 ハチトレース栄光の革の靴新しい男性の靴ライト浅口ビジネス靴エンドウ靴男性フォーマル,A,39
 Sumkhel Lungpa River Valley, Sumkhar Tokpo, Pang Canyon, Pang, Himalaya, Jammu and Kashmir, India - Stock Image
--
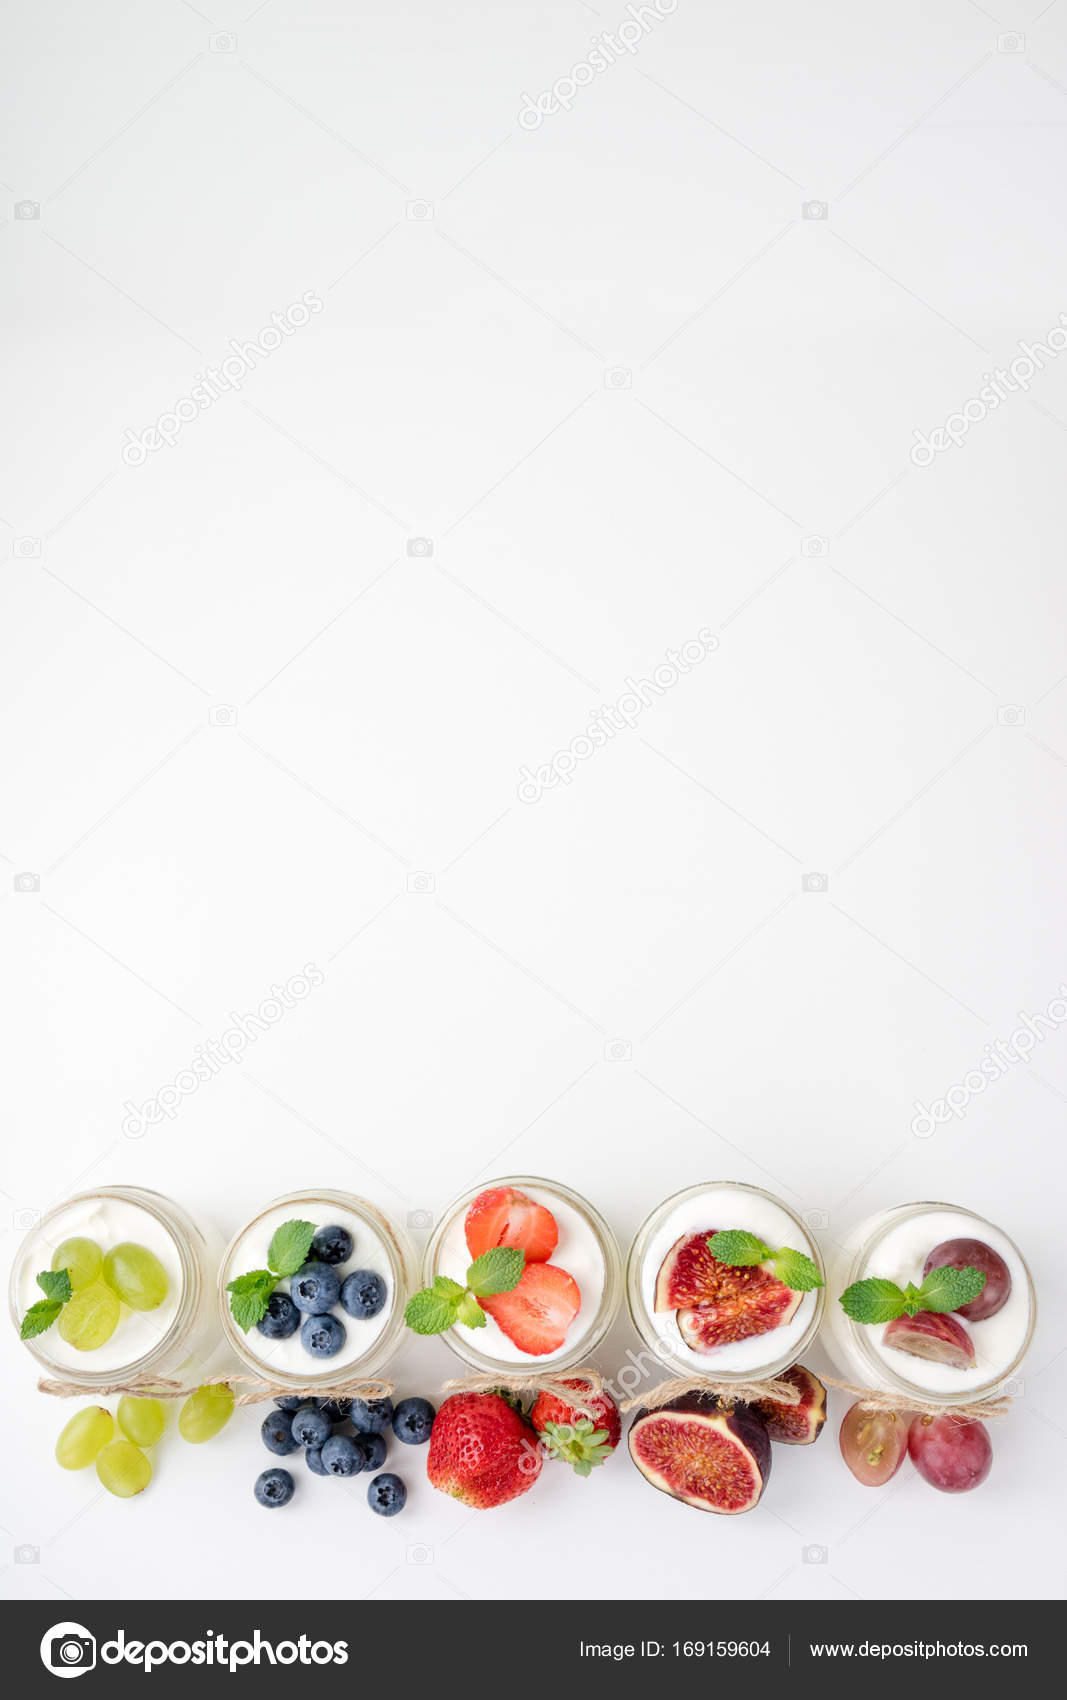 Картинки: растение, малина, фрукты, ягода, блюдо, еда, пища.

■ **Exercise objective**
Above are the records. Print exactly, and only, the lines from the line with "ハチトレース栄光の革の靴新し" to the line with "Sumkhel Lungpa River", both inclusive.

■ **Written response**
 ハチトレース栄光の革の靴新しい男性の靴ライト浅口ビジネス靴エンドウ靴男性フォーマル,A,39
 Sumkhel Lungpa River Valley, Sumkhar Tokpo, Pang Canyon, Pang, Himalaya, Jammu and Kashmir, India - Stock Image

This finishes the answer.